(This is an excerpt from my working manuscript, Holiness in Fresh Perspective). All Rights Reserved.
The New Perspective highlights the corporate people of God as a central point of reference of Paul’s theology and thought. For Paul, God’s redemptive mission is for a people, through a people. This interpretive posture is set against the tradition of interpreting Paul with individual, personal salvation primarily in mind. It’s important to note here that the New Perspective does not reject that dynamics of individual salvation are found in Paul, they certainly are. What they do reject, however, is that Paul’s central purpose in writing is to answer questions about how individuals are saved. Rather, Paul’s fundamental frame of reference for theology is the corporate people of God.
If corporate Israel as the covenant people of God is a central pillar of pauline thought and theology, then all that Paul says should flow in and out of this concept. It is not only Paul’s soteriology that hinges on the concept, but also his christology and eschatology. In terms of christology, Paul understands Christ primarily in terms of his mission as the fulfillment of God’s mission to the people of God for the people of God. In terms of eschatology, Christ is the timely fulfillment of the promises to Abraham, Israel, and David (more on this below), through whom, the mission of God would reach the world.
Just through a quick overview of some of Paul’s priorities that come out in his letters we can see corporate Israel as the covenant people of God functioning in this central role for Paul’s theology. In 1 Corinthians, the first problem Paul addresses with the church is unity.. Paul accentuates not only the importance, but the necessity of unity among new covenant members because through Jesus they have been made a part of the corporate Christ in whom there are no divisions. In Galatians, Paul builds the case that circumcision (obeying the letter of the Law of Moses) is not the identifying mark of the people of God, rather, it is faith in Jesus the Messiah. Again, Paul is much less concerned with what makes one “saved” than he is with what makes one a member of the corporate body of Christ through the new covenant stipulations (faith). In other words, to be saved is to be a member of the corporate Israel, they are on in the same.
The book of Romans, which we will consider in more detail later, has long been interpreted as the systematic theology explaining how individuals are saved. Once again, these soteriological angles and dimensions are certainly present in Paul, but they are not the central thrust of Paul’s message, they are secondary. Dynamics of individual salvation serve the master of ecclesiology for Paul. The thrust of Paul’s message in Romans is to distinguish how the new covenant fulfills the old, how the new covenant impacts the eligibility of individuals to become members of the corporate people of God, and most centrally, how the gospel of Jesus Christ is the power by which what was once exclusive (excluding non-Jews) is made inclusive the old covenant, which excluded non-Jewish ineligible, by inclusive for all. So once again, individual salvation is certainly a part of the dialogue, but the greater framework for the dialogue is the corporate people of God. Essentially, the New Perspective contends that ecclesiology operates as the fundamental framework for Paul’s thought and theology.
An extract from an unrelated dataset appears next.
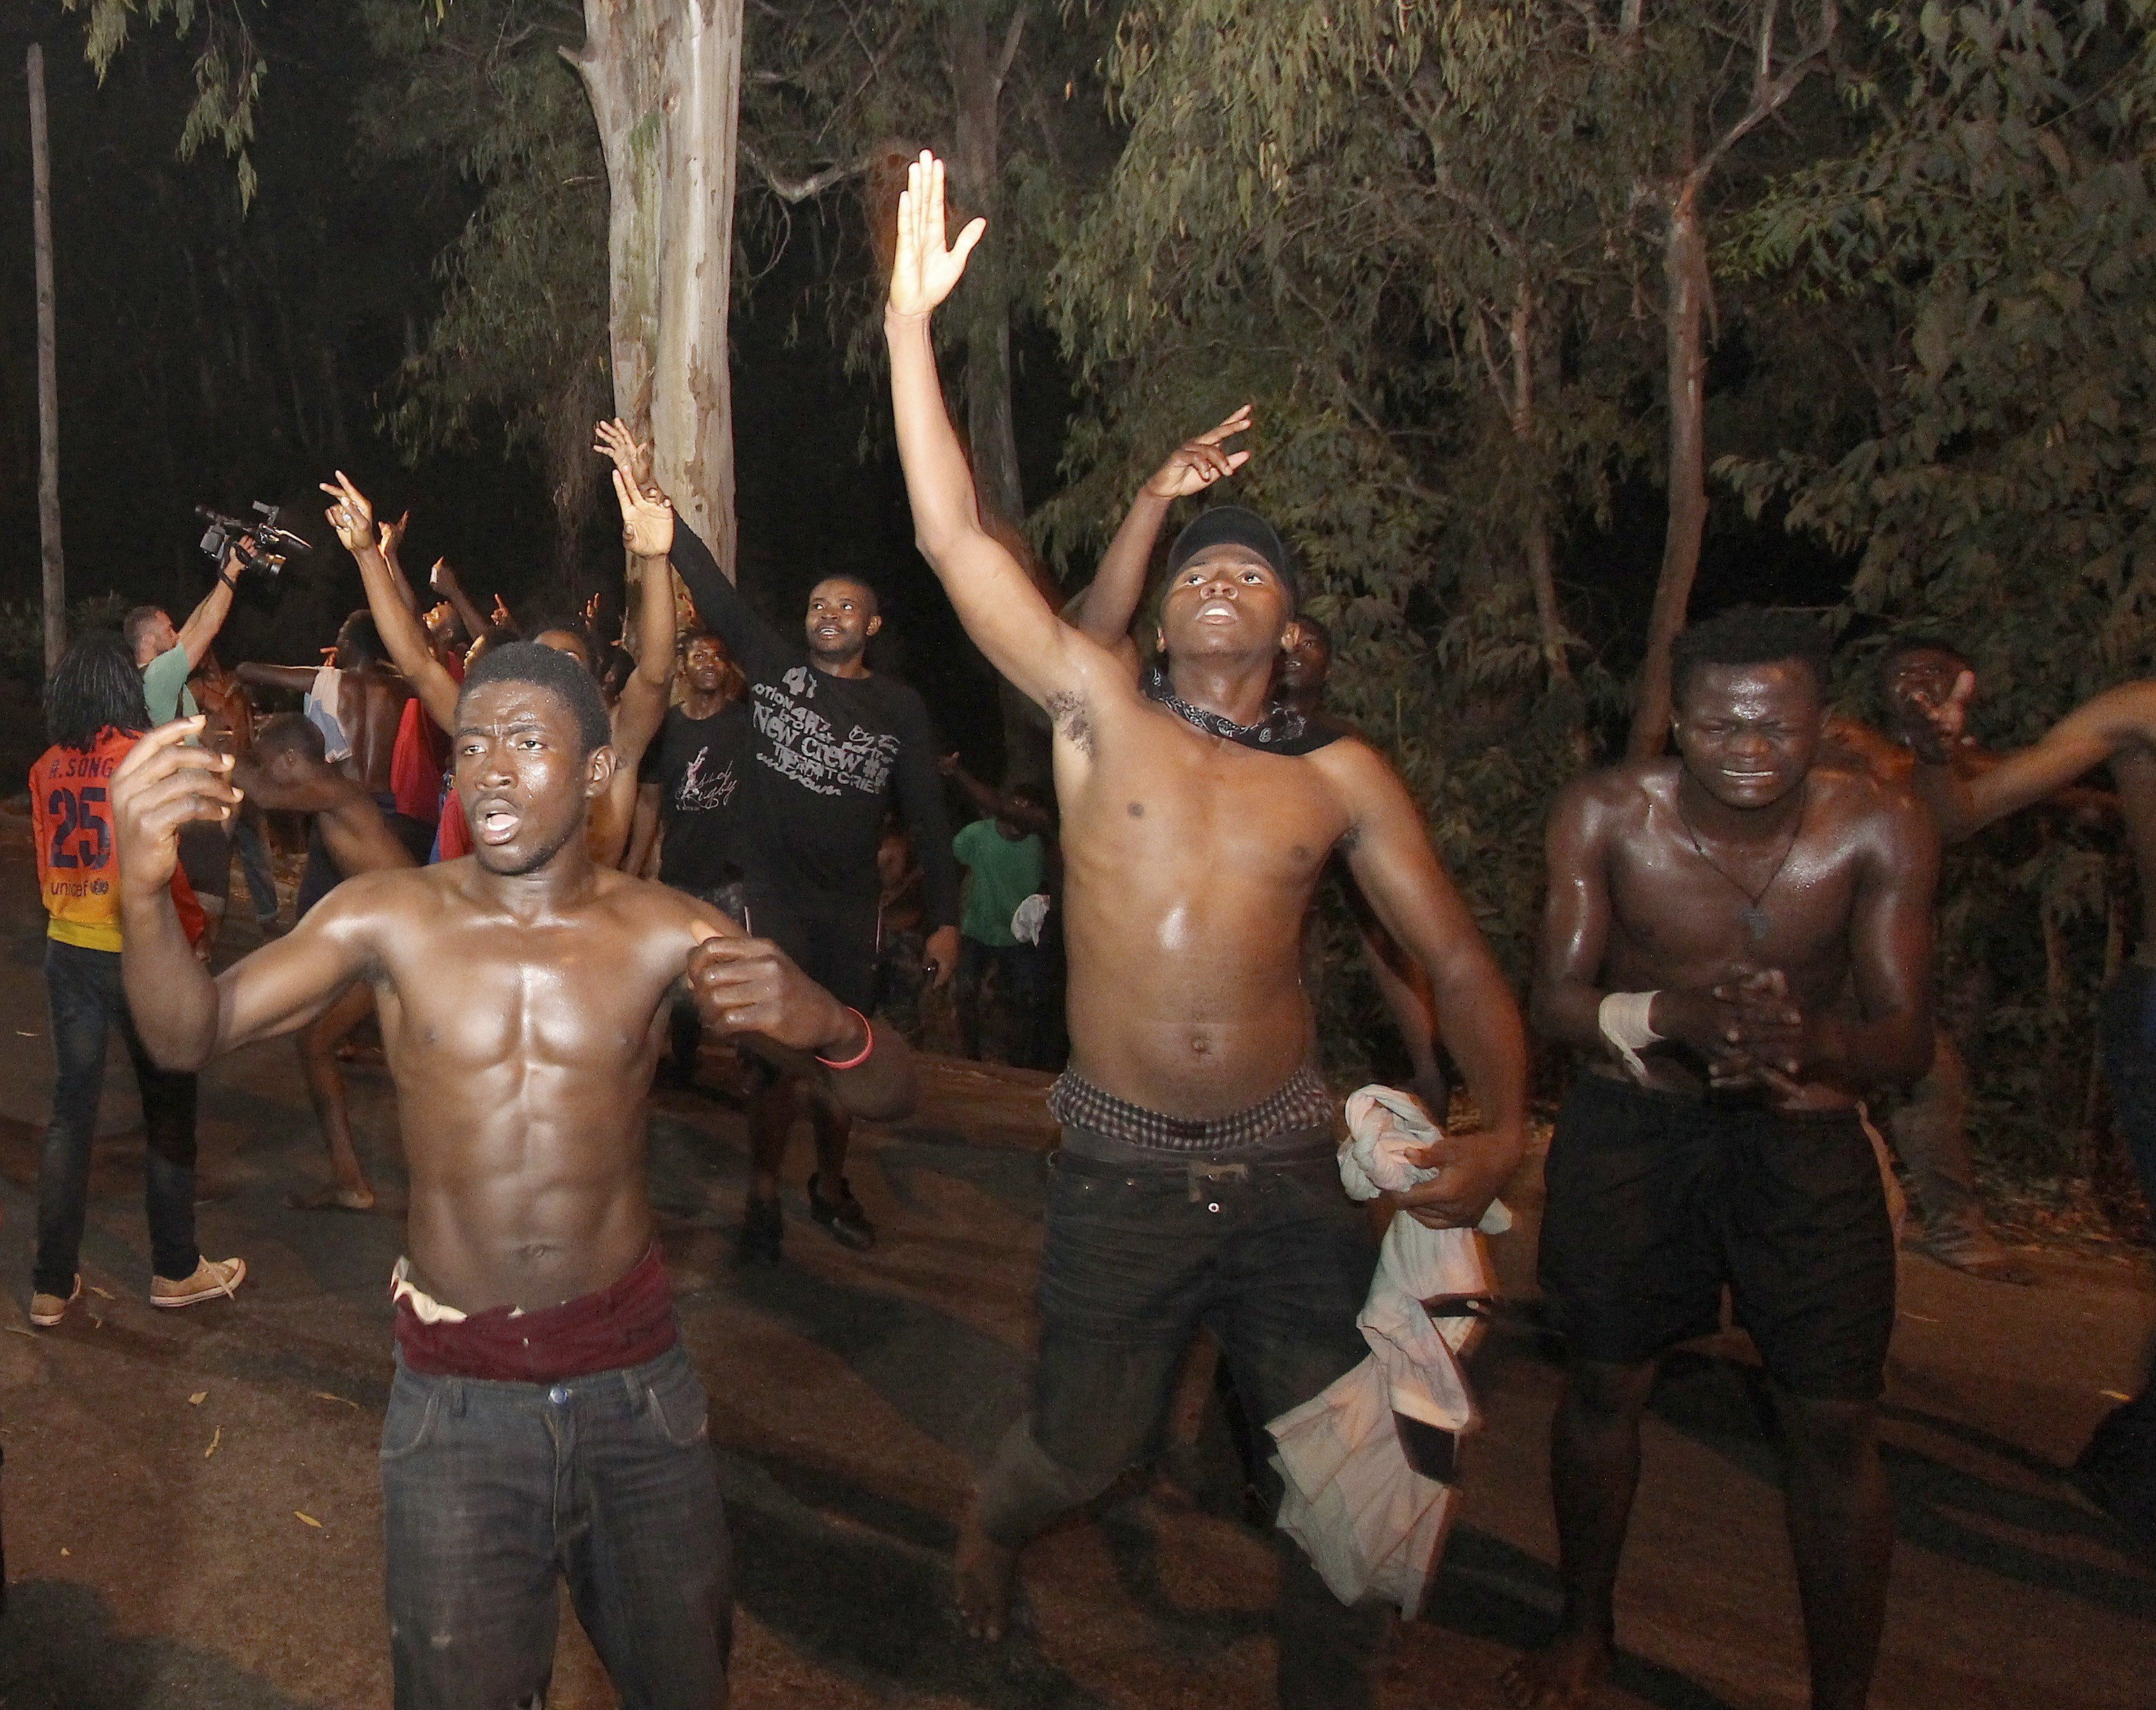 epa06129686 A group of sub-Saharan migrants celebrate after managing to enter Spanish territory in the city of Ceuta, Spanish enclave in northern Africa, early morning 07 August 2017. Some 200 migrants managed to cross the Spanish border, catching the Moroccan and Spanish security forces by surprise. Authorities were expecting the migrants to jump the fences, but the group entered Spain across the border crossing.  EPA/Reduan

Unfortunately, this concept is far removed from the thought life of the average Christian interpreter of the pauline corpus. We have inherited our interpretive posture from our Reformed tradition (including those of the holiness heritage). Rather, dynamics of individual salvation has been the default point of reference for reading Paul. The average reader of Paul is looking for answers regarding how a person is saved, or sanctified. Paul’s letters, especially the letter to the Romans, undoubtedly responds such questions related to individual salvation, however, what Paul offers is a rather indirect response to that question.